Adam Gertler is somewhat plodding but realistic and pragmatic. Because he is chiefly preoccupied with the practical aspects of things, he is especially apt to develop more efficient production concepts. Although his good judgment and common sense provide him with an excellent ability to handle the tangible world (he is certainly clever, and can quickly assess the tangible value of things), his thought processes might be relatively impervious to abstract concepts and spiritual awakenings.

Adam Gertler does not express his thoughts and ideas smoothly or easily. He tends to be subjective, seeking to know himself better through a process of introversion.

Adam Gertler’s intellectual faculties and wit are sometimes slowed down because he is oriented toward others. Because he tends to be communicative, he rarely tries to communicate with others for the simple pleasure of doing so. Indeed, he sometimes feels misunderstood. Moreover, it seems easy to him to express the complexity of his inner perceptions.

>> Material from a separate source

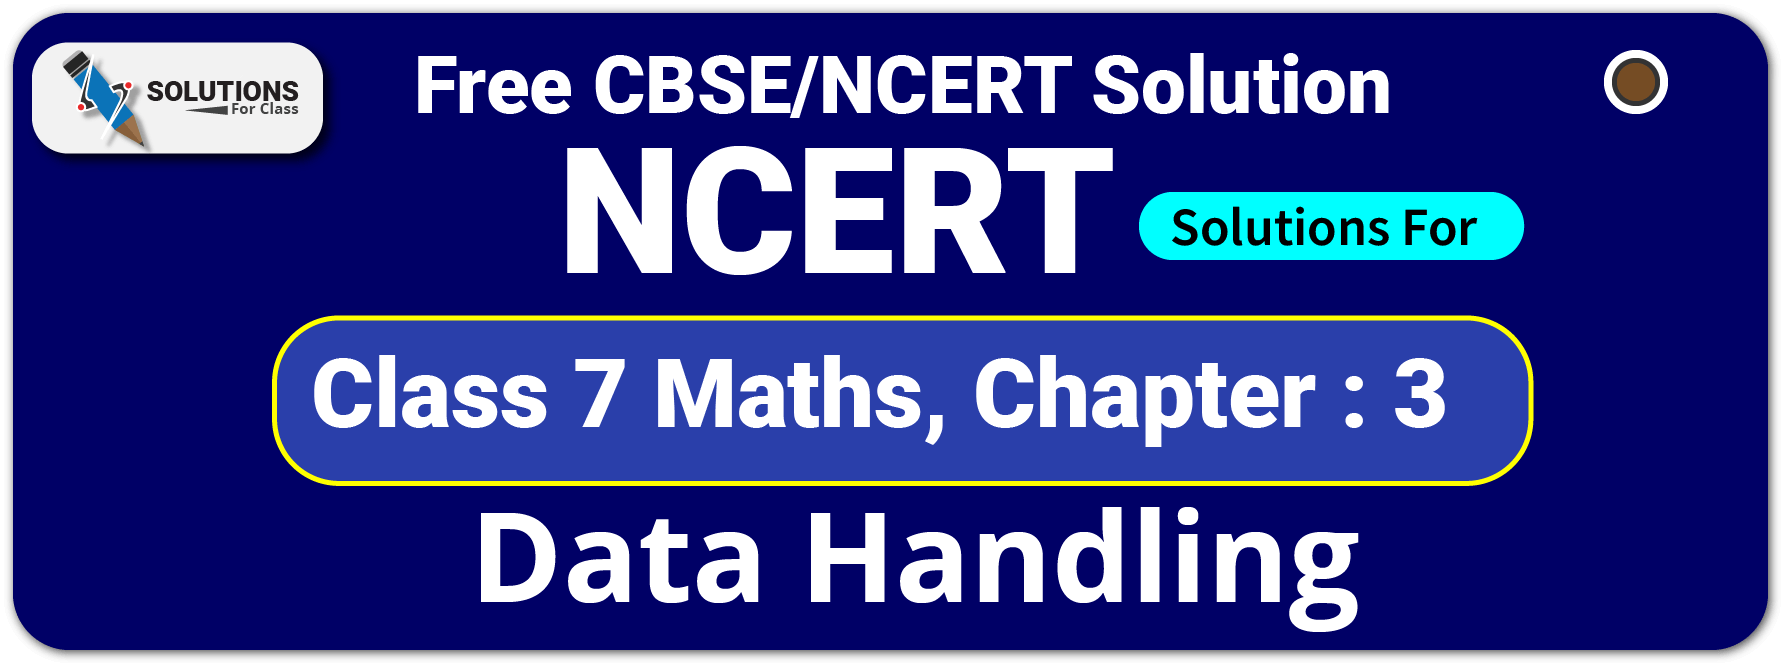 NCERT Solutions For Class 7 Maths Chapter 3, Data Handling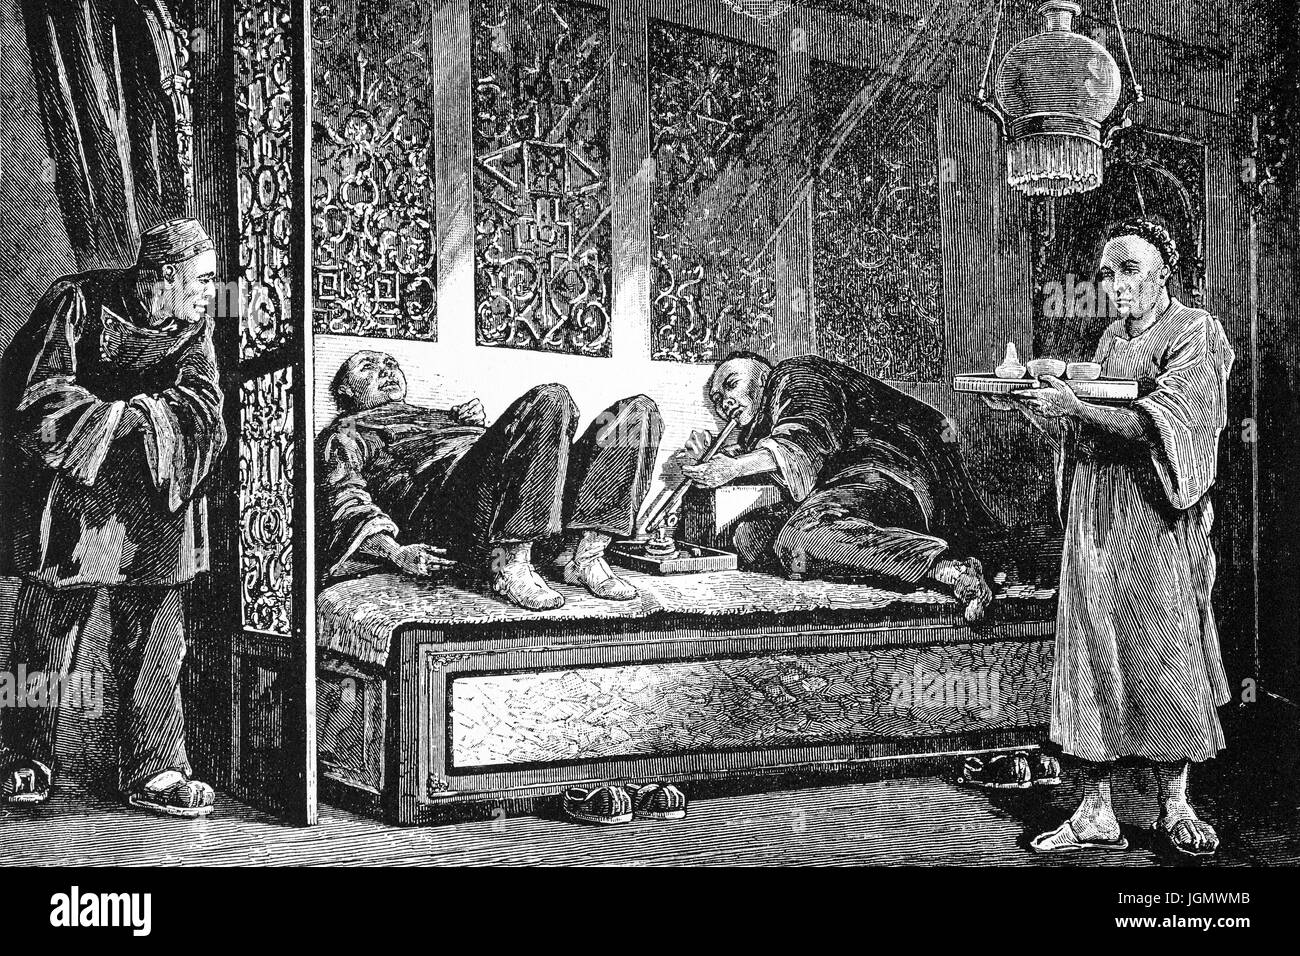 1879: Chinesische Opium Raucher in ein Opium-Palast oder Höhle, China Town, San Francisco, California, Vereinigte Staaten von Amerika Stockfoto

In adulthood, you may find it difficult to integrate new ideas and concepts or to give your thought structure and coherence. You may have a distaste for study, which might require a great deal of effort for you. You harbor feelings of insecurity that are so acute that they may undermine your will and therefore your ability to compete. However, if you overcame these emotions, you would see that you have plenty of marketable skills and that many satisfactory solutions to your feelings of ineptitude and inadequacy are within your reach. Because this psychological complex may be related to childhood or adolescent opposition to parental or academic authority, you may not readily accept people who represent law enforcement agencies or power as an adult. You may display some hostility or vindictiveness toward them as a matter of principle. You should sometimes be careful of what you say.